Background

Women who are in the menopausal transition and postmenopausal periods are affected by a variety of symptoms, such as hot flashes, night sweats, vaginal dryness, depression, anxiety, and insomnia. Non-specific somatic symptoms are also common, including muscle and joint pain, tiredness, and dizziness. Dizziness, which is “an imprecise term which may refer to a sense of spatial disorientation, motion of the environment, or lightheadedness,” according to the Medical Subject Headings of the United States National Library of Medicine [1], is often used interchangeably for vertigo, presyncope, disequilibrium, or lightheadedness. The symptom is itemized in most menopausal symptom inventories, such as “feeling dizzy or faint” in the Greene Climacteric Scale [2], or “dizzy spells” in the Women’s Health Questionnaire [3]. There may be some ethnic differences in the prevalence of the symptom in middle-aged women, as shown in a study by Anderson et al., in which 25.1% of Australian local residents aged 45–60 years reported “feeling dizzy or faint” at least a little, while 41.8% of their Japanese counterparts suffered from the symptom (p < 0.001, chi-squared test) [4].

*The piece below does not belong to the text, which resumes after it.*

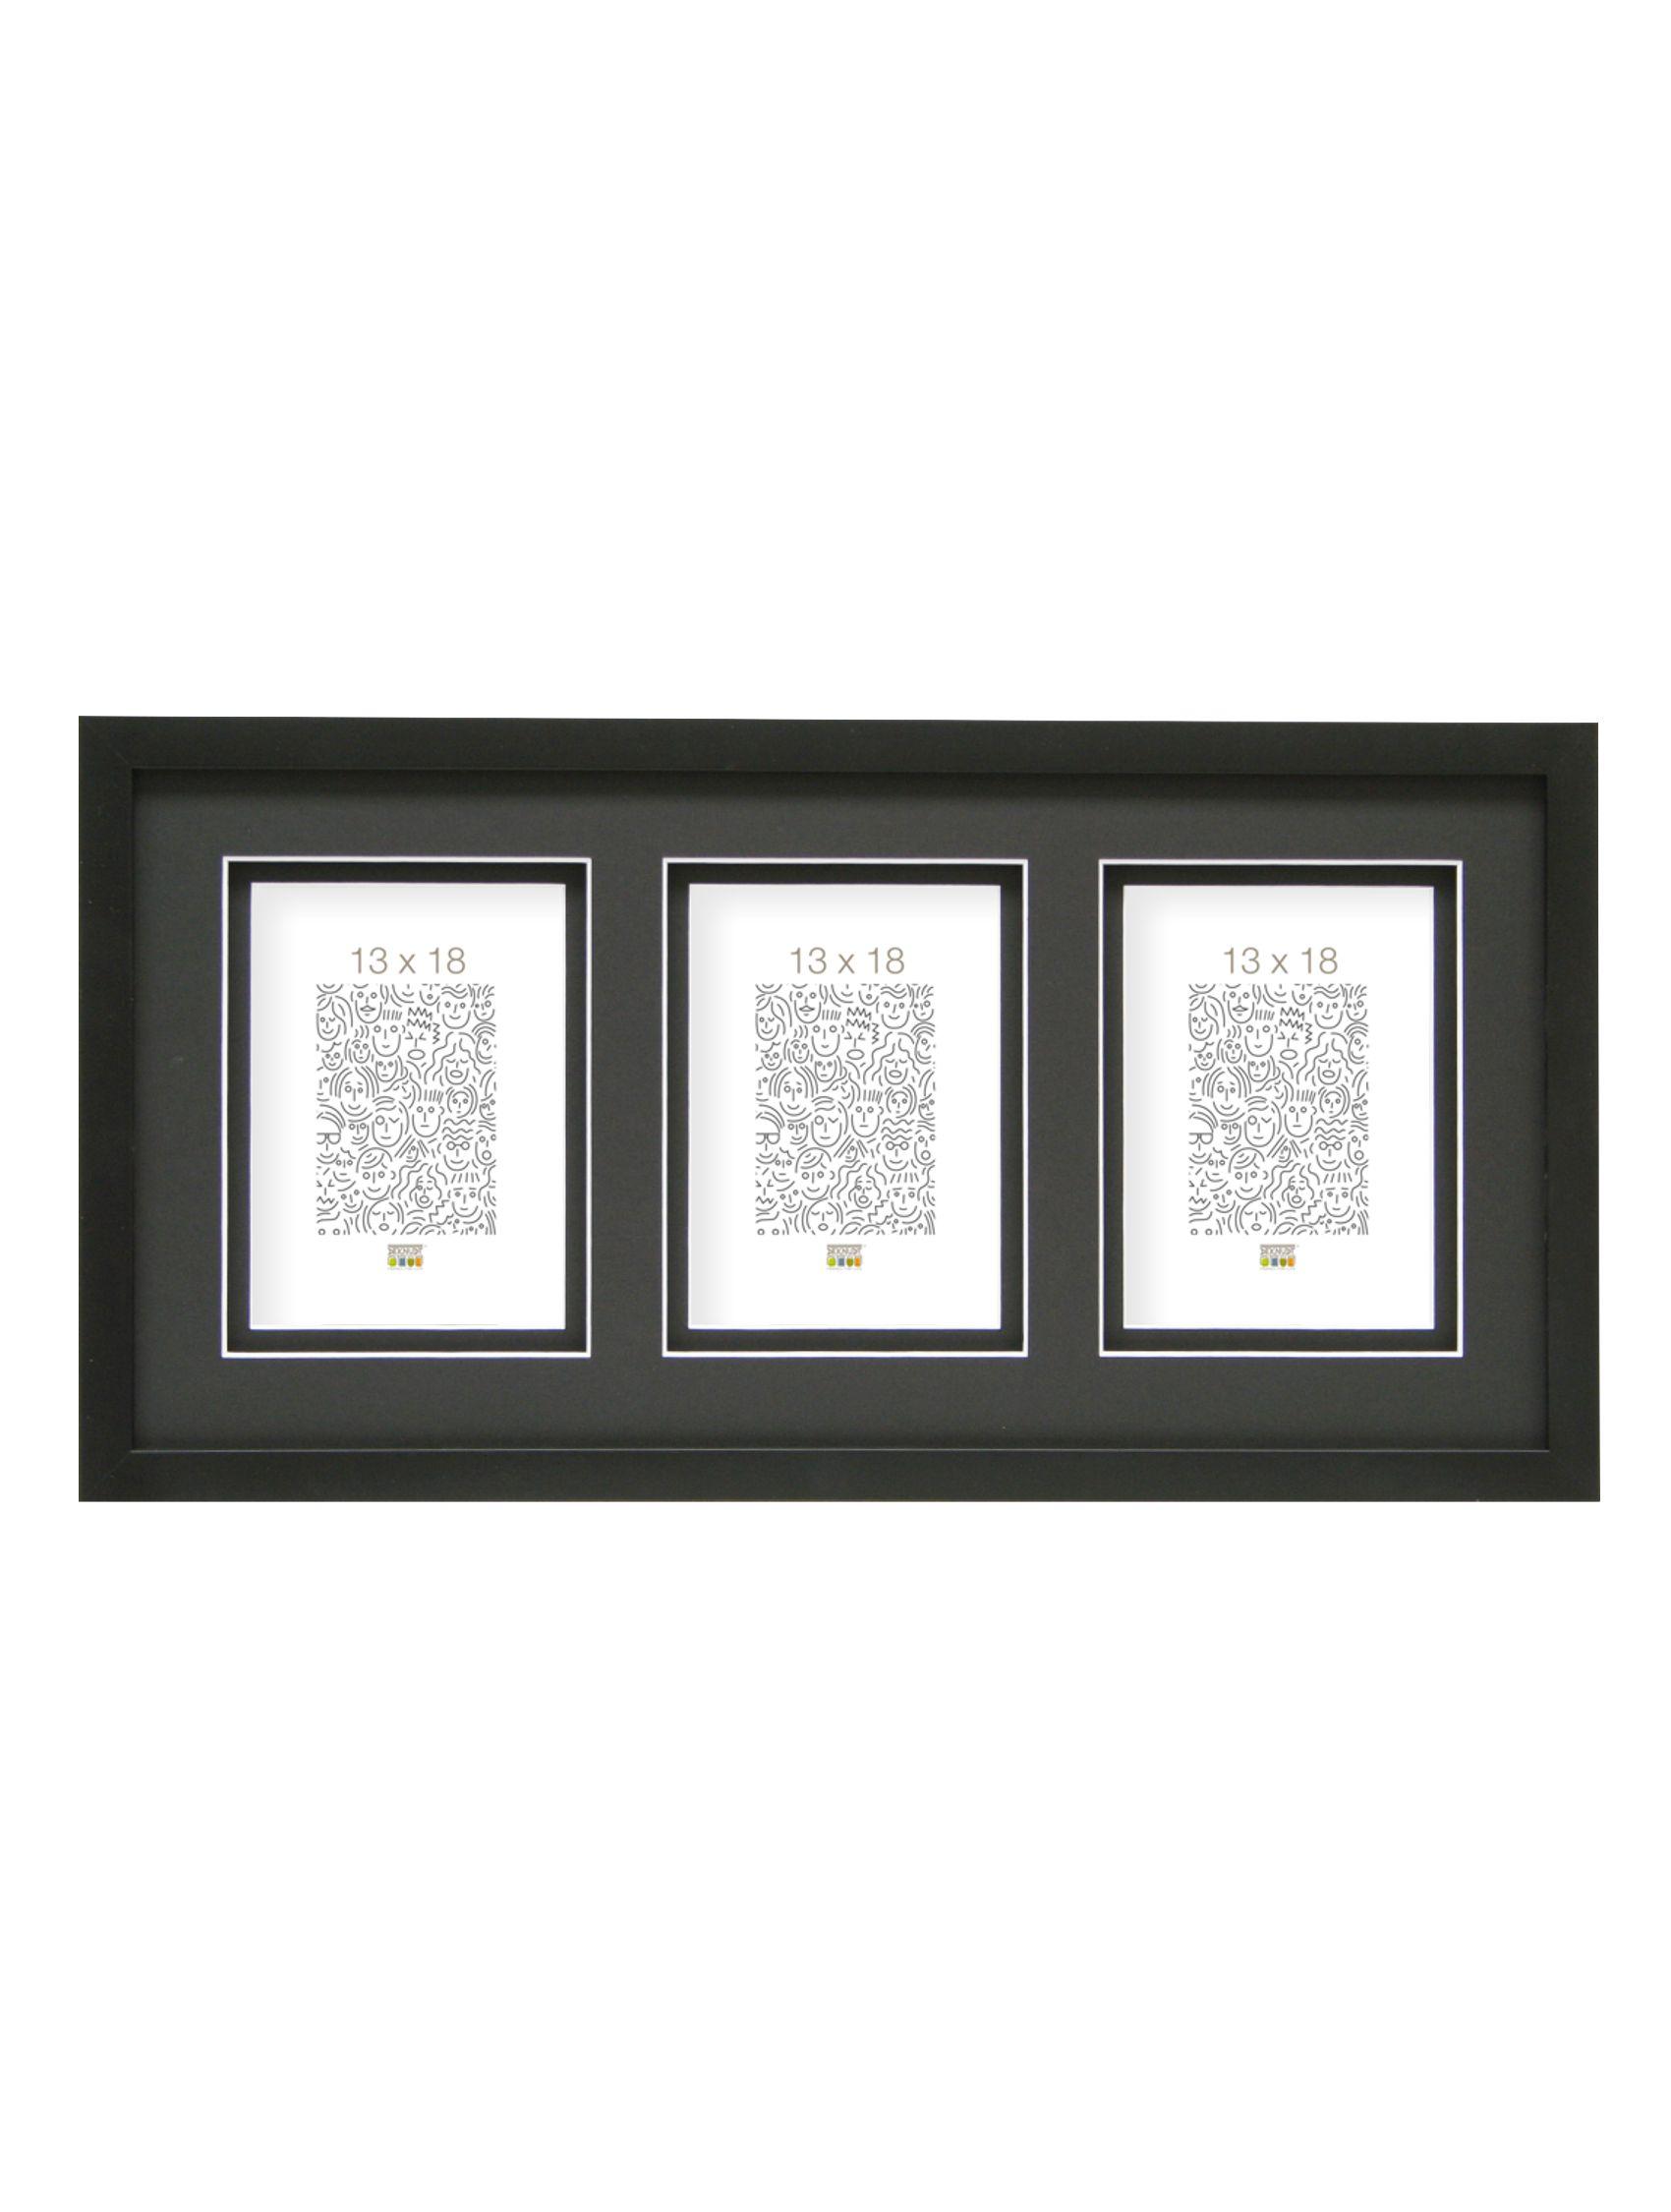 Fotokader, zwart met dubbele passe-partout met extratussenruimte, voor 3 foto's S43DK2 P3

However, despite its prevalence, the precise mechanisms underlying dizziness in middle-aged women have yet to be elucidated, though some hypotheses have been proposed. For example, Yang et al. recently reported that ovariectomized mice have significant balance behavioral deficits probably because the estrogen deficiency compromises otoconia maintenance and anchoring by reducing the expression of the otoconial component and anchoring proteins [5]. Therefore, in the present study, we sought to determine the prevalence of dizziness in Japanese middle-aged women who were attending a menopause clinic and to investigate the factors associated with the symptom in this population.

Methods

Patient recruitment

In this cross-sectional study, we retrospectively analyzed the first-visit records of 471 Japanese peri- and postmenopausal women aged 40–65 years who had been enrolled in the Systematic Health and Nutrition Education Program at the menopause clinic of the Tokyo Medical and Dental University Hospital from November 2007 to June 2016. All women enrolled in this program were referred to our clinic for the treatment of menopausal symptoms. Prior to beginning the study, the research protocol was approved by the Tokyo Medical and Dental University’s Review Board (approval number 774), and informed consent was obtained from all participants. All study procedures were performed in accordance with the Declaration of Helsinki.

Menopause definitions

Women were defined as premenopausal if they had experienced regular menstrual cycles in the past 3 months, as perimenopausal if they had had a menstrual period within the past 12 months but had a missed period or had an irregular cycle in the past 3 months, as postmenopausal if they had no menstrual period in the past 12 months, and as surgically induced menopause if they had had a hysterectomy.

Questionnaires

Data regarding the menopausal symptoms and quality of life during the past month were collected using the Menopausal Health-Related Quality of Life Questionnaire (MHR-QOL) and the Hospital Anxiety and Depression Scale (HADS). These data were collected by the physicians and nutritionists who interviewed the women during their initial visit.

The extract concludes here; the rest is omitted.